--- START ---

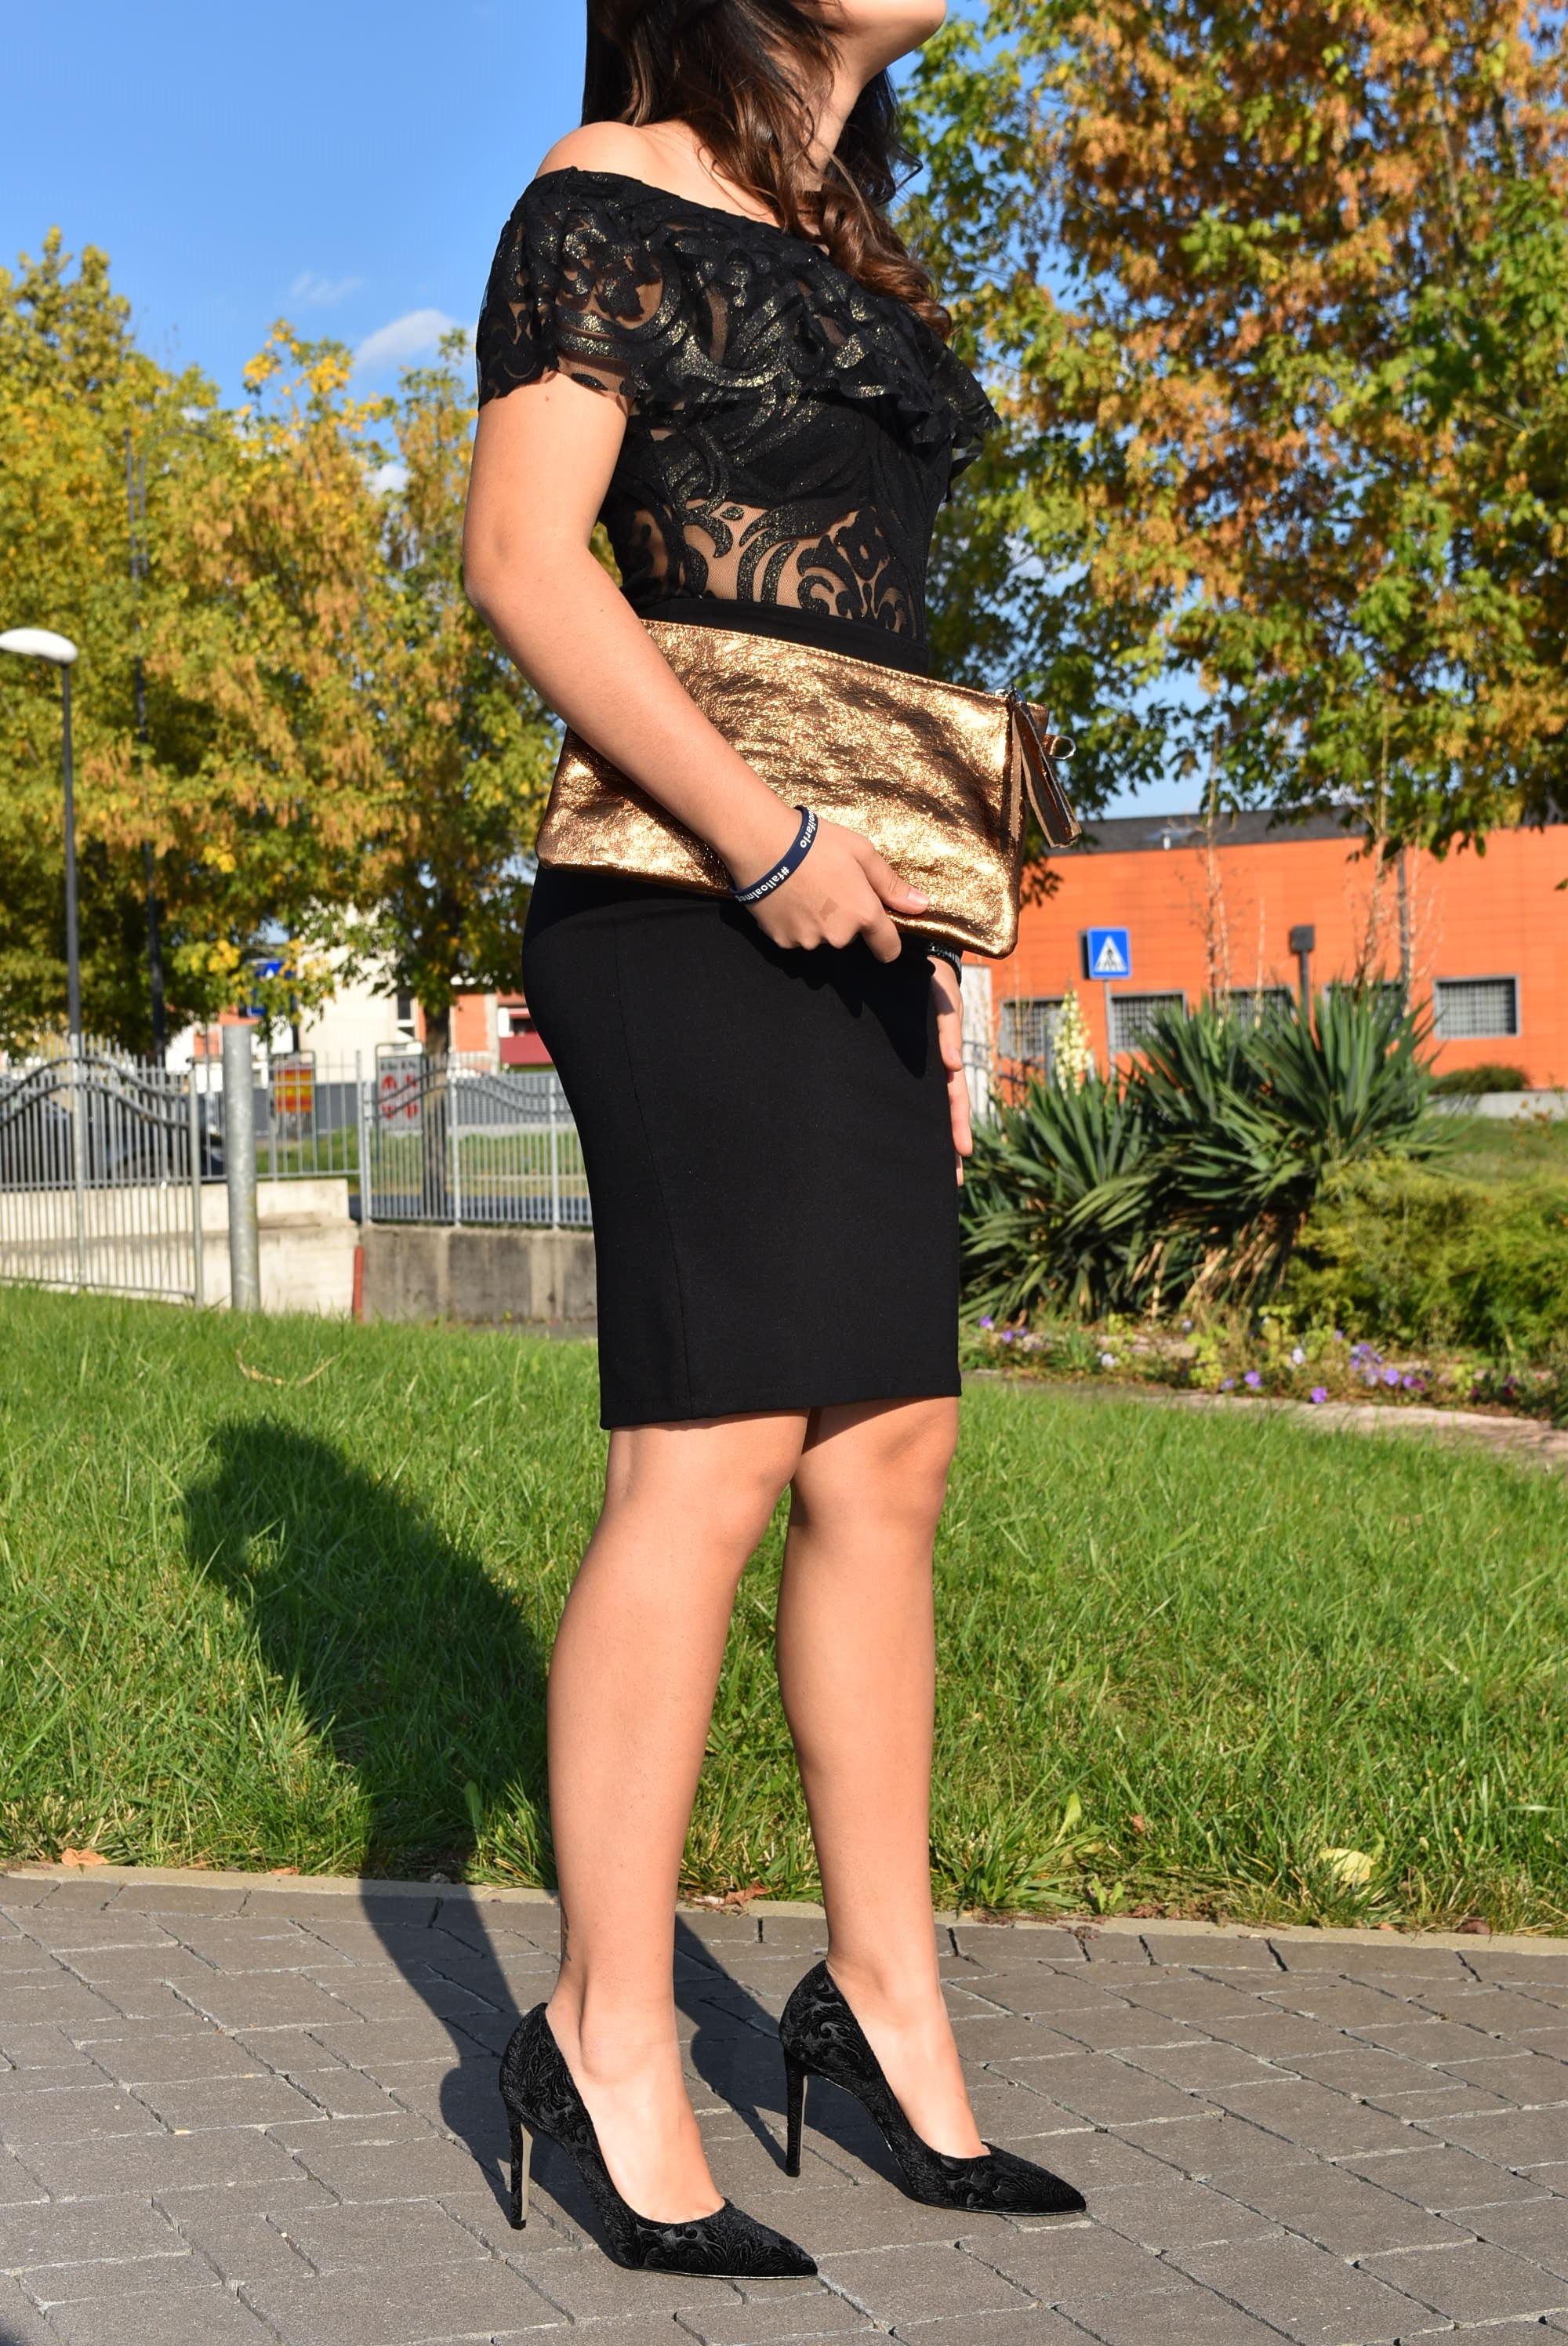 divine-follie-63-270r-270-shoes-my-friends-zamichele-bruno-snc-immagine-homepage
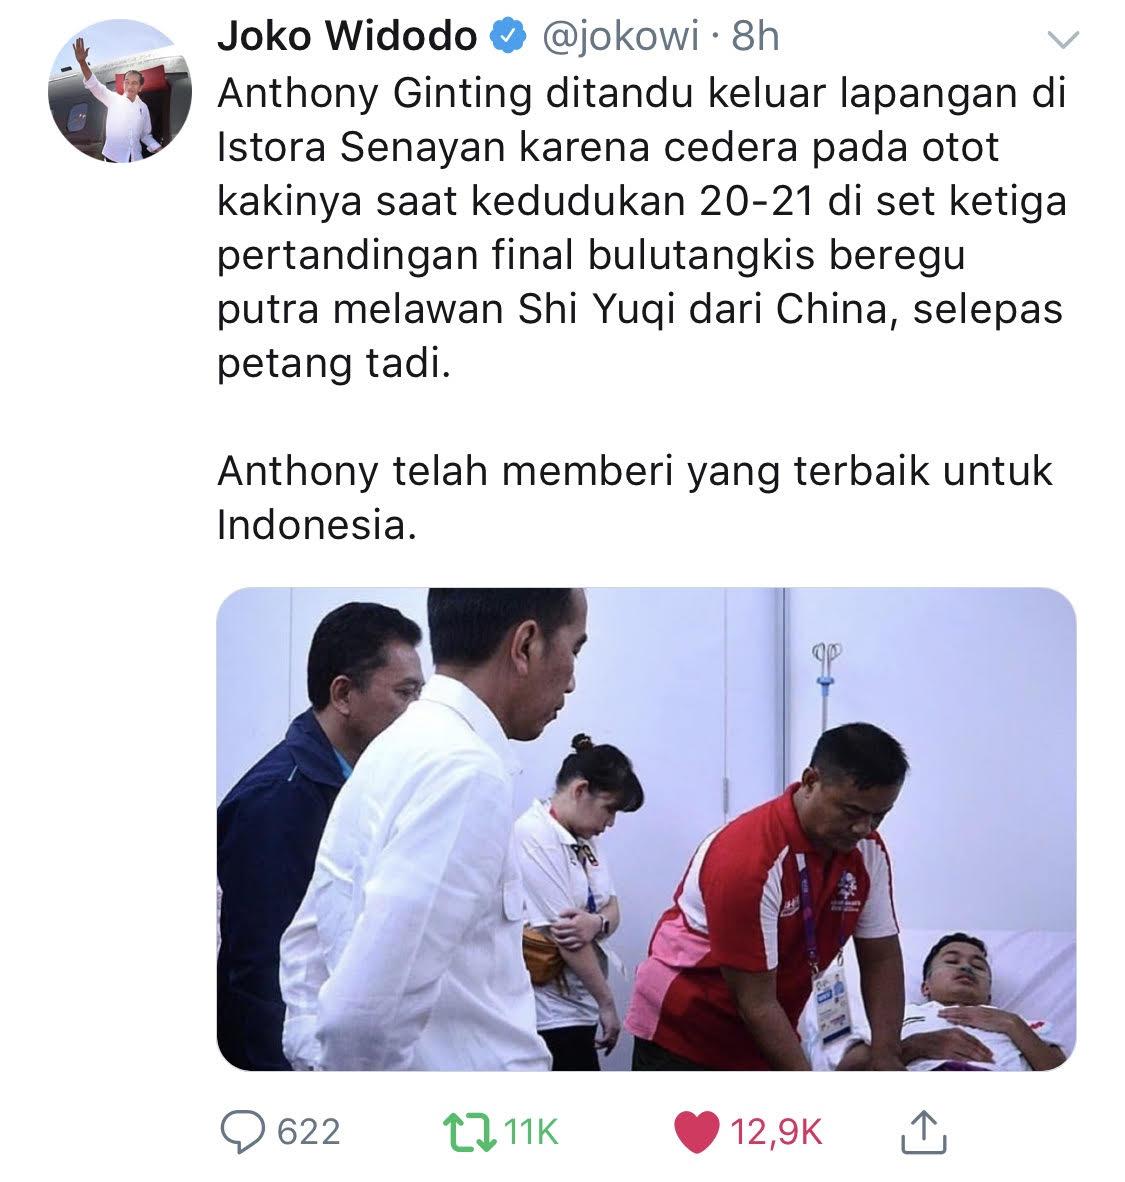 Tweet Jokowi soal Anthony Ginting
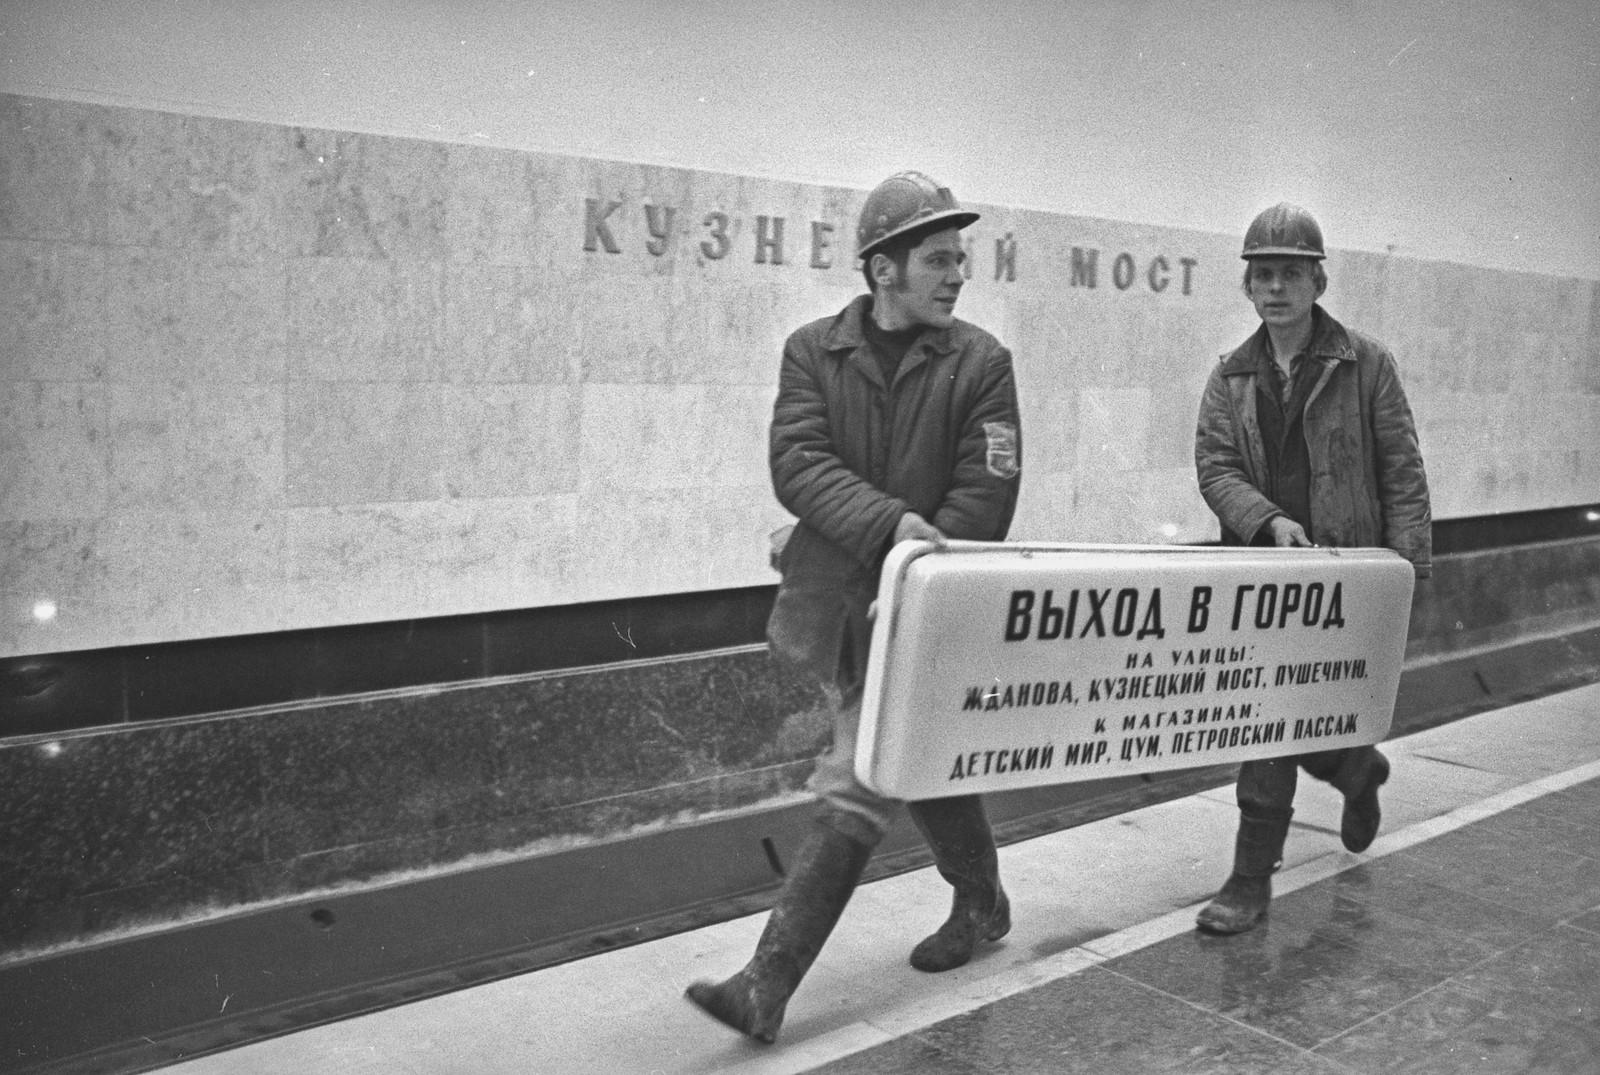 1975. Строители несут табличку «Выход в город» на станции метро «Кузнецкий мост»

--- END ---

TASK DIRECTIONS:
Reproduce the listing exactly, minus its pictures.

RESULT FOR THIS TASK:
 divine-follie-63-270r-270-shoes-my-friends-zamichele-bruno-snc-immagine-homepage
 Tweet Jokowi soal Anthony Ginting
 1975. Строители несут табличку «Выход в город» на станции метро «Кузнецкий мост»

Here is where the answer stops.